La primera parada es en el pueblo de Armila y su población denominada Kuna. El recibimiento parece preparado (ya son varios años de pasos constantes) y empiezan los sonidos de flautas tradicionales y danzas tribales en honor a las visitas. El ritmo no es muy complejo pero si bastante cálido, más cuando las mujeres del pueblo aparecen vestidas con coloridos trajes de figuras geométricas y símbolos de su cultura, llamados molas.

Río de Darién tomada de Flickr por Rita Willaert

Río de Darién tomada de Flickr por Rita Willaert

Y aparece de pronto, como un fantasma, una figura humana muy blanca. Es un albino, rasgo no muy extraño entre estos nativos que causa gran curiosidad y sorpresa. Con esa imagen en la retina, hay que proseguir la marcha a través de la selva, varias vías con lagunas hacen divertido el avance, llegando a veces el agua hasta el cuello, llevándose nuestro sudor y refrescándonos al paso.

Mientras hacemos este recorrido, uno de nuestros guías nos cuenta que cuando no está en trabajo de orientación, busca oro en algunos riachuelos y quebradas que los españoles nunca conocieron –según él-. El camino prosigue con una flora riquísima, destacando las hermosas orquídeas que, conocedoras de su belleza, se ubican en zonas de difícil acceso.

Ese mismo instinto ha hecho eco en los animales salvajes como el jaguar que difícilmente se deja ver durante estas expediciones ya que fueron siglos de cacería a los que se tuvo que enfrentar desarrollando este mecanismo de precaución extrema. Sin embargo, por aire es otro el panorama y las aves siempre revolotean y cantan a nuestro paso.

Los biólogos sostienen que la gran diversidad de ellas se debe a complejos fenómenos de estratificación del lugar. Podemos ver al Martín Pescador, que hasta entonces solamente habíamos observado en los libros de la primaria. El Tucán aparece en technicolor de frente a nosotros y parece no importarle nuestra presencia.

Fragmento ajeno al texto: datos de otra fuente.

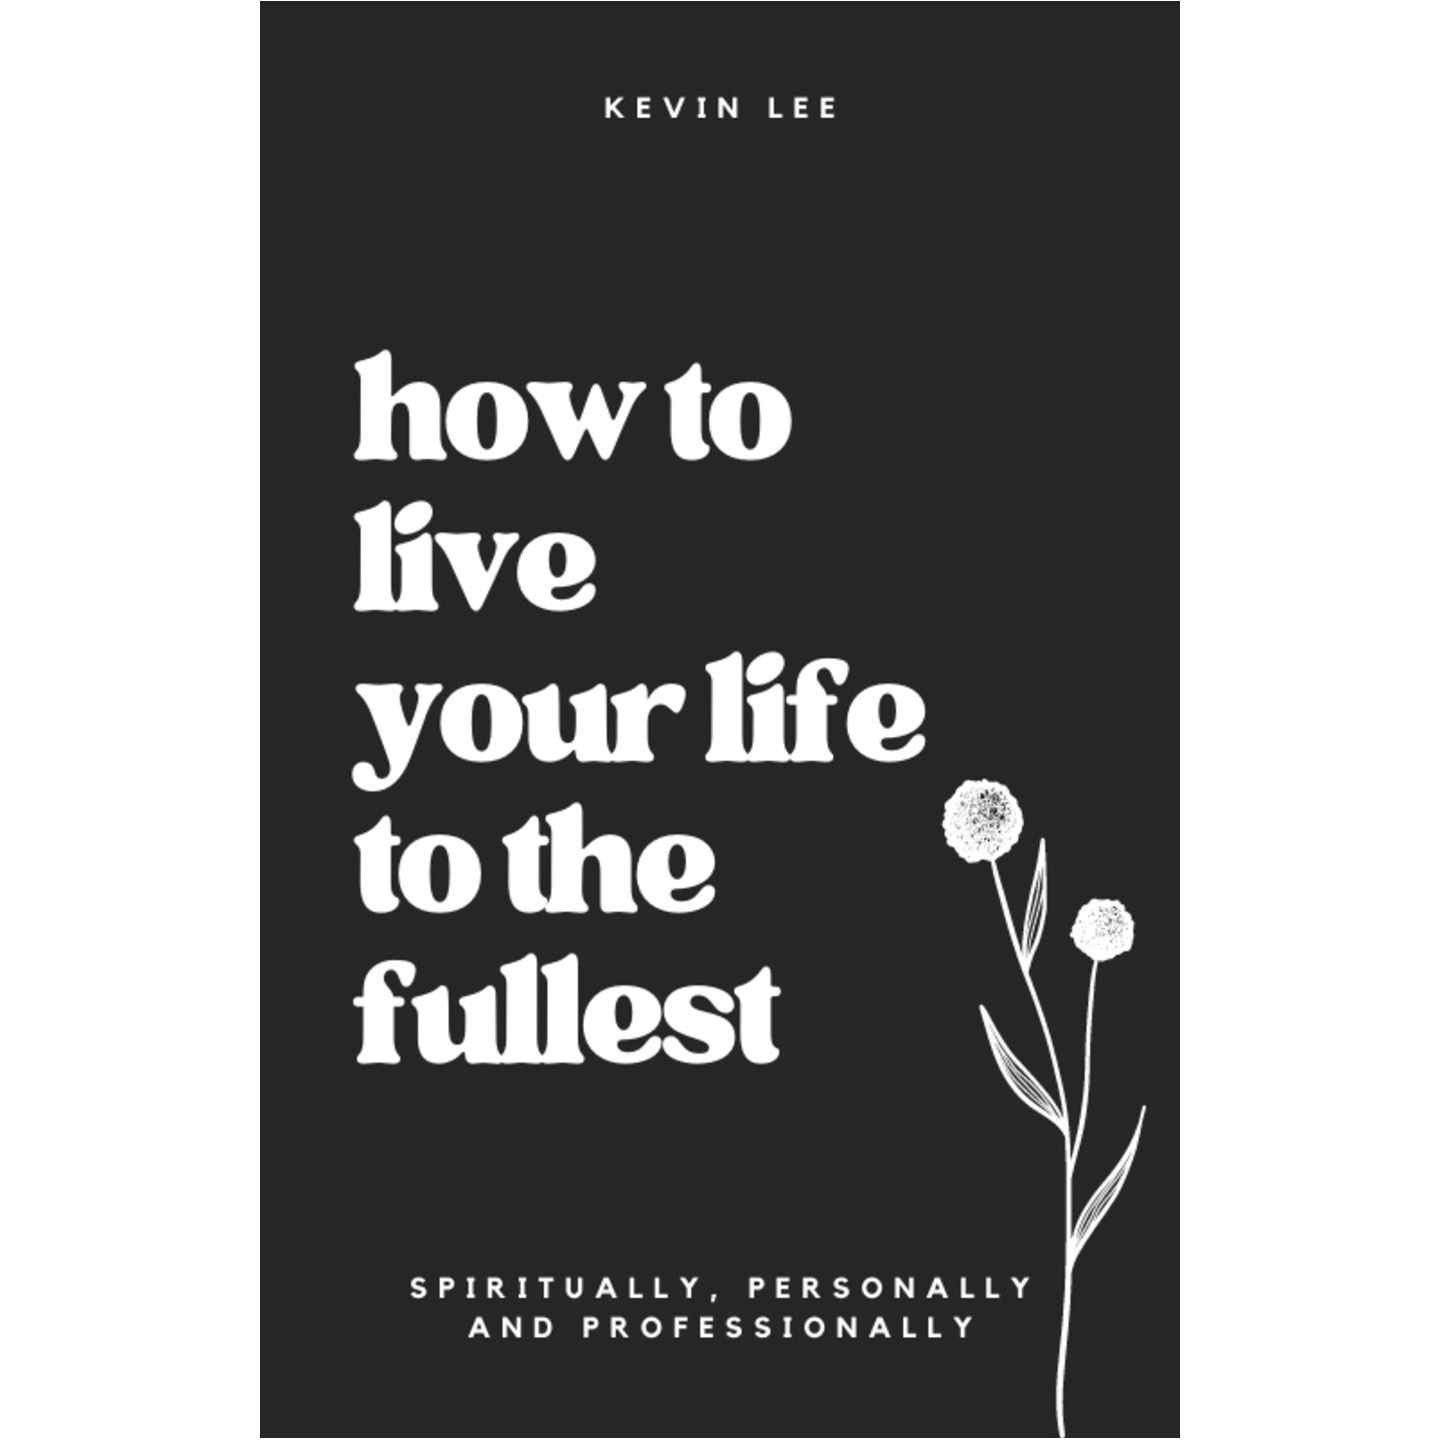 How to live your life to the fullest - spiritually, personally, and professionally

Qué magnífico libro de la selva. Los guacamayos y loros agregan más colores a la excelsa paleta de la naturaleza mientras los biólogos hacen notar las diferencias en sus plumajes y en sus moños.

Orquídea tomada de Flickr por Rita Willaert

Orquídea tomada de Flickr por Rita Willaert

Sin darnos cuenta, hemos caminado más de 10 horas y la noche ha llegado al Darién y con ella, todos los miedos del inconsciente colectivo que anuncia la salida de todas y cada una de las especies de la fauna desde las más diminutas –pero no por eso menos amenazantes- hasta las de mayor envergadura y por tanto gran peligrosidad.

Ahora sí deseamos no toparnos con un jaguar o con la mapana que es una serpiente de la cual se dice que persigue al que se topa con ella. Es hora de montar el campamento lo más pronto posible y aunque no es época de lluvias, el agua no es lo único que cae desde arriba y podríamos recibir el descenso de una tarántula o de otros insectos.

Imagino lo que deben haber sentido los primeros expedicionarios españoles al mando de Balboa, con el rudimento de sus campamentos y la pólvora mojada por las lluvias, con miedo pero decididos a darlo todo por España siguieron avanzando, montando paranoicas guardias, varios de ellos se perdieron y nunca fueron encontrados. La noche trae todo tipo de ruidos que pueden enloquecer a cualquiera que se pierde o desoriente en medio de esta selva. Al día siguiente el viaje continuará y habrá que escalar casi 1000 metros de cordillera para llegar a la otra cordillera. Pero por ahora es momento de descansar.